Our solution, Faircheck, is a data check platform that enables users to easily upload a dataset and receive a refined, downloadable subset with outliers flagged and explanations for each flag provided. Researchers can upload their surveys to Faircheck, where an outlier detection algorithm filters out respondents based on specific criteria. Outliers may be identified through factors such as response time, open-ended question analysis, local outlier factors, duplicate answers, or custom conditions. This process ensures that only high-quality responses are retained. Users have the flexibility to add or customize these detection criteria to better suit their specific needs, ensuring the final dataset is thoroughly cleaned and reliable.
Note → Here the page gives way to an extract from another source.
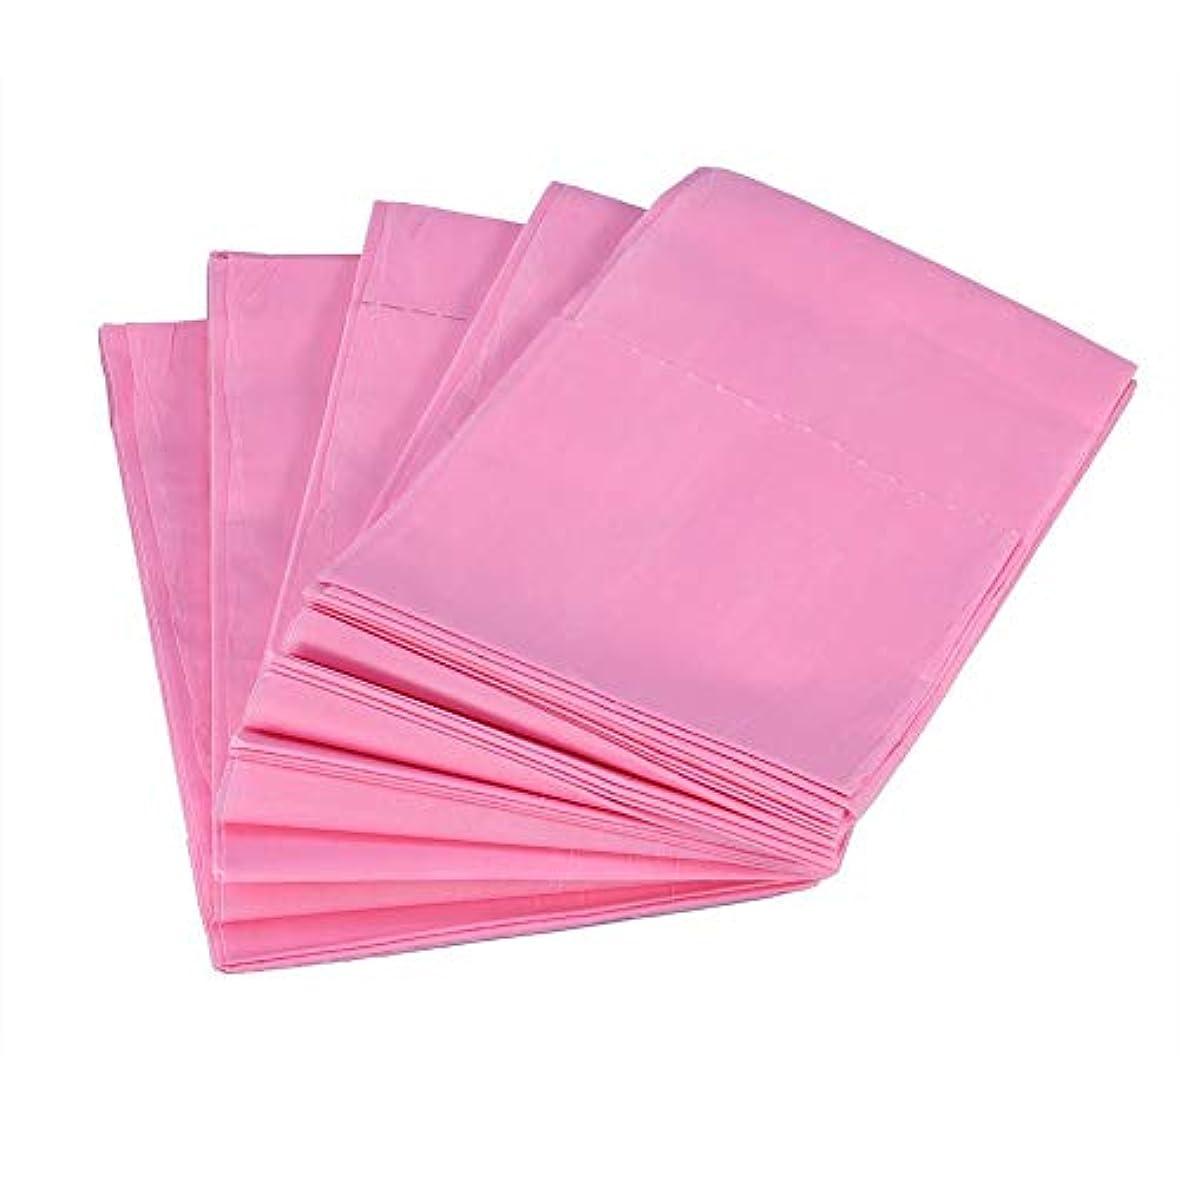 グリーンバック拡張息苦しい使い捨てベッドシーツ、10個175 x 75cm不織布使い捨て防水シーツマッサージビューティーカバー(ピンク)

Data Quality Controls by Potloc

At Potloc, data quality control platforms have been developed using a three-pronged approach. Their tool utilizes specialized survey sources, optimizes respondent experiences, and engages 14 quality checks to ensure the cleanest and most accurate insights. These data quality tests, driven by both human and AI resources, are integrated before, during, and after survey completion to create a secure and reliable process that filters out bots, fraudulent panelists, and duplicate or lazy responses. The final step involves an in-house data cleaning team that meticulously reviews responses to ensure that only relevant, high-quality data is passed on for final evaluation.

Qubed by Kantar

Qubed is another platform for combating survey fraud. This advanced solution use three Deep Neural AI Networks to analyze over 300 features in real-time, delivering fraud detection results within 100 milliseconds. Qubed identifies and removes Lazy, Dishonest, and Fraudulent panelists, ensuring only quality respondents remain. It uniquely detects "out of country" fraud, which accounted for 41% of bad data in 2022, protecting data integrity. Unlike other systems, Qubed evaluates a panelist’s full history, avoiding harsh judgments based on a single session, and ensuring fair treatment of good panelists.

ReDem

ReDem is an AI-powered platform that ensures the quality of your data. Functioning both in real-time and post-survey, ReDem thoroughly evaluates survey data against comprehensive criteria to eliminate unwanted behaviors. You can adjust quota settings for specific demographics, clean field phase data, apply respondent data weighting, and generate reports for stakeholders. Additionally, ReDem can be integrated directly into survey software, allowing for immediate verification of respondents. This means fraudulent behavior can be detected and flagged before survey completion.

Taking back control

In today’s technology-driven landscape, we stand at an unprecedented crossroads of opportunity and innovation. While the allure of rapid delivery and immediate access to information is compelling, we must not lose sight of the importance of maintaining high quality in our endeavors. In the realm of market research, the advent of generative AI has significantly enhanced our ability to gain deeper insights from surveys. However, with these advancements comes the critical responsibility of safeguarding the integrity of our data. By proactively implementing robust fraud detection and mitigation processes, we can ensure that our findings remain accurate and reliable, even as we navigate the complexities and potential pitfalls of this evolving technological frontier.